▸ **Required work**: Please write out exactly the lines from the one with "U.S. Army veteran" through the end of the data below, both ends included, and omit any pictures.

▸ **Dataset extract**:
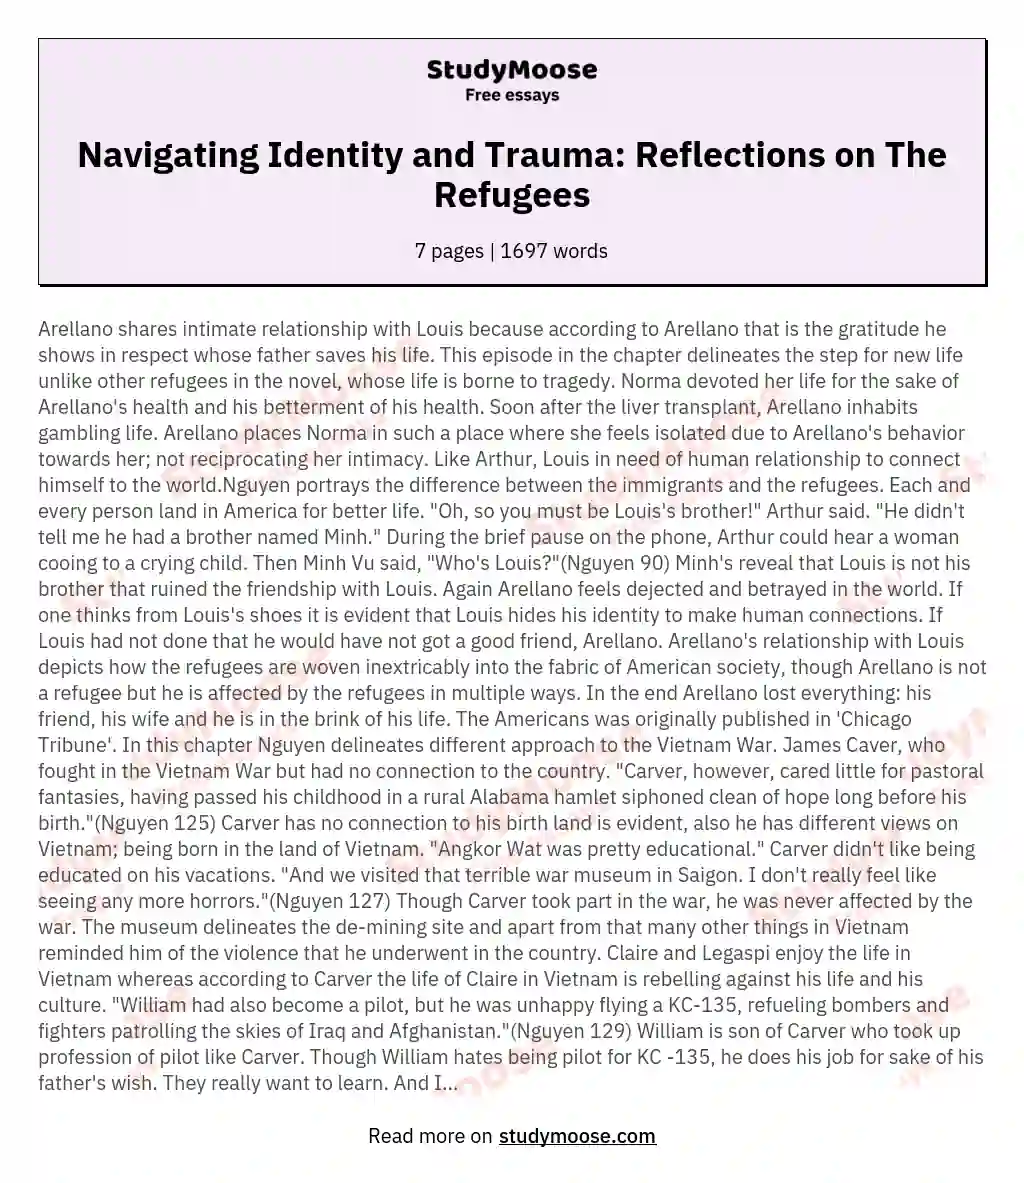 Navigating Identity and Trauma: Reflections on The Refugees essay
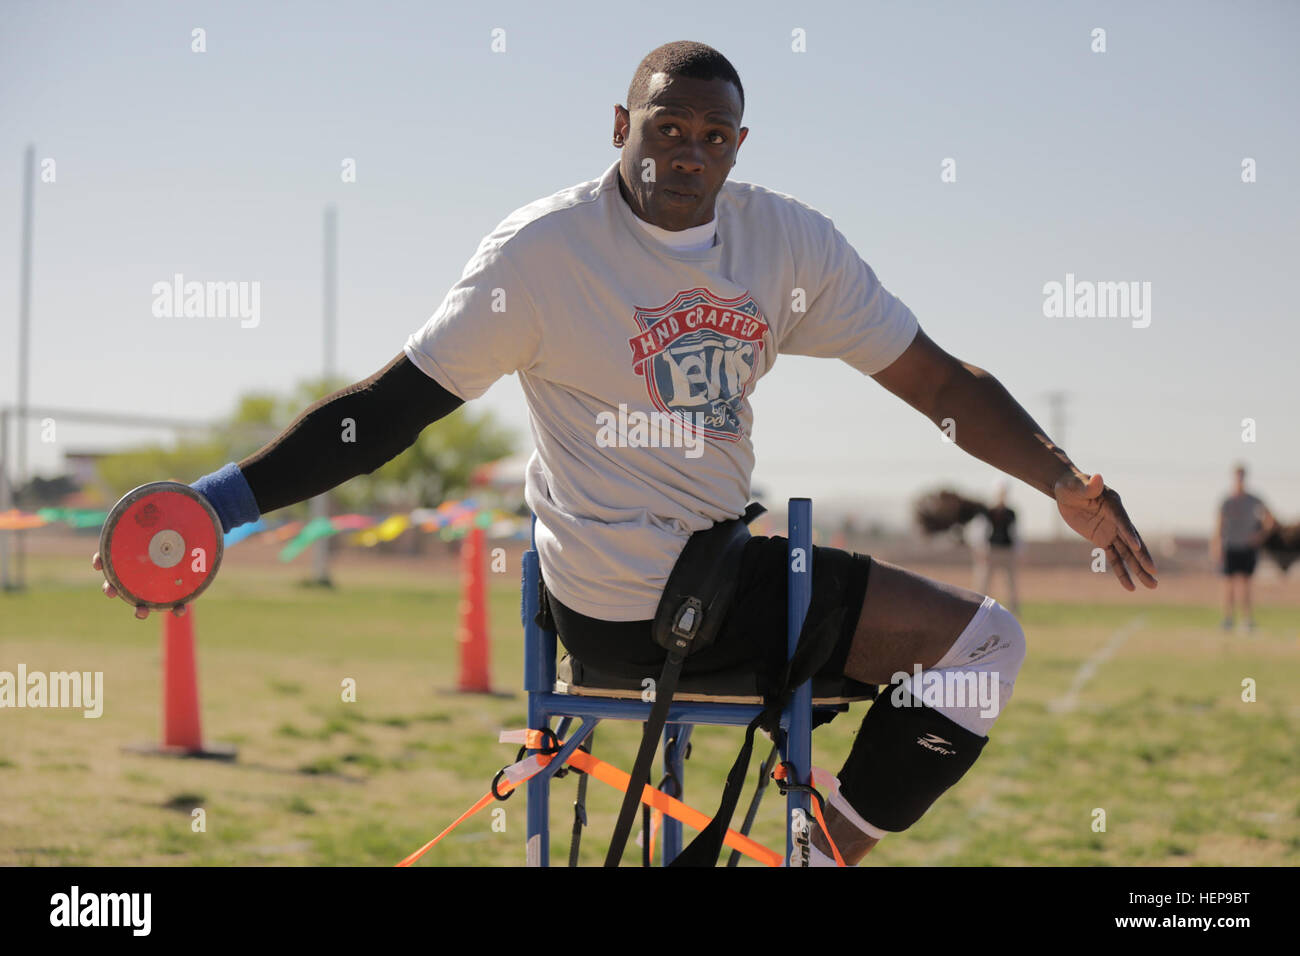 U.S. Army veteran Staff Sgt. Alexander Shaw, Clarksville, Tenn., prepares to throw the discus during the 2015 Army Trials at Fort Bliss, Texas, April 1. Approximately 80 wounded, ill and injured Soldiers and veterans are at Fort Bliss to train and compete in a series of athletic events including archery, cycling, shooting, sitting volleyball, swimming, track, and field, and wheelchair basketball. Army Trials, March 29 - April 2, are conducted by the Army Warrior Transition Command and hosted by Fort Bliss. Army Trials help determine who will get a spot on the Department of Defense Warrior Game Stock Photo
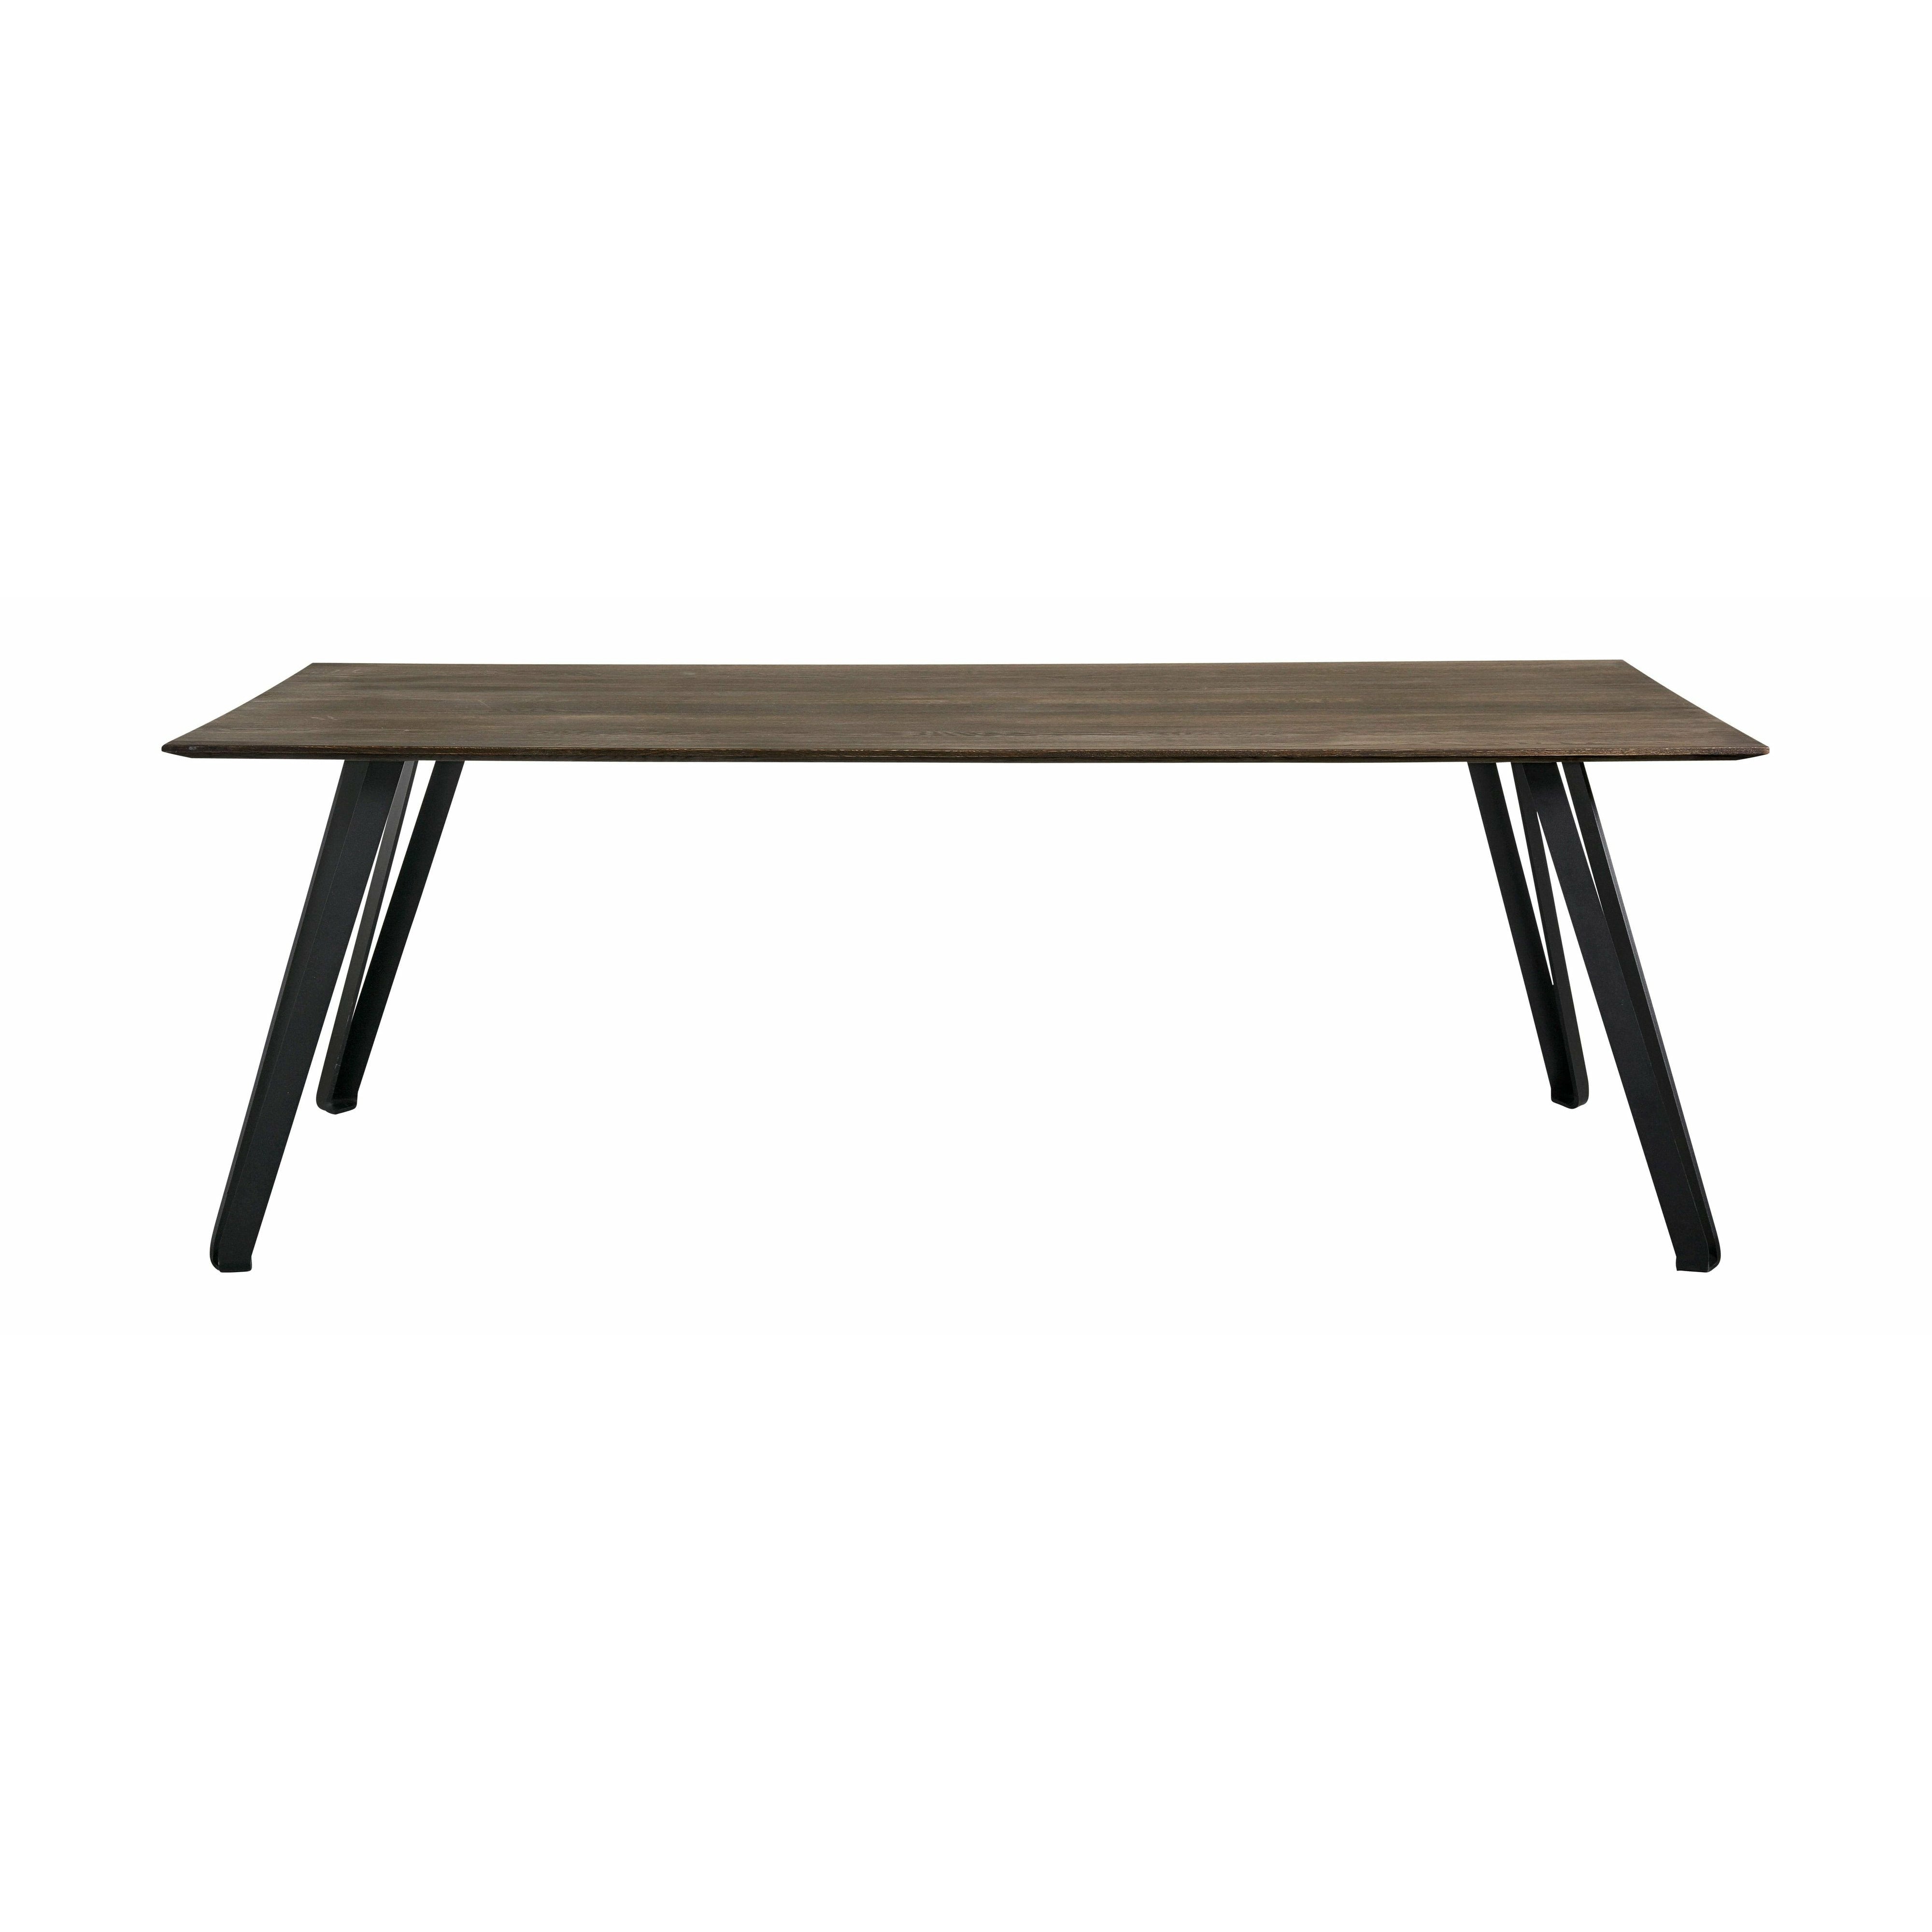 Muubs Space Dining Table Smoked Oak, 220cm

▸ **Answer section**:
 U.S. Army veteran Staff Sgt. Alexander Shaw, Clarksville, Tenn., prepares to throw the discus during the 2015 Army Trials at Fort Bliss, Texas, April 1. Approximately 80 wounded, ill and injured Soldiers and veterans are at Fort Bliss to train and compete in a series of athletic events including archery, cycling, shooting, sitting volleyball, swimming, track, and field, and wheelchair basketball. Army Trials, March 29 - April 2, are conducted by the Army Warrior Transition Command and hosted by Fort Bliss. Army Trials help determine who will get a spot on the Department of Defense Warrior Game Stock Photo
 Muubs Space Dining Table Smoked Oak, 220cm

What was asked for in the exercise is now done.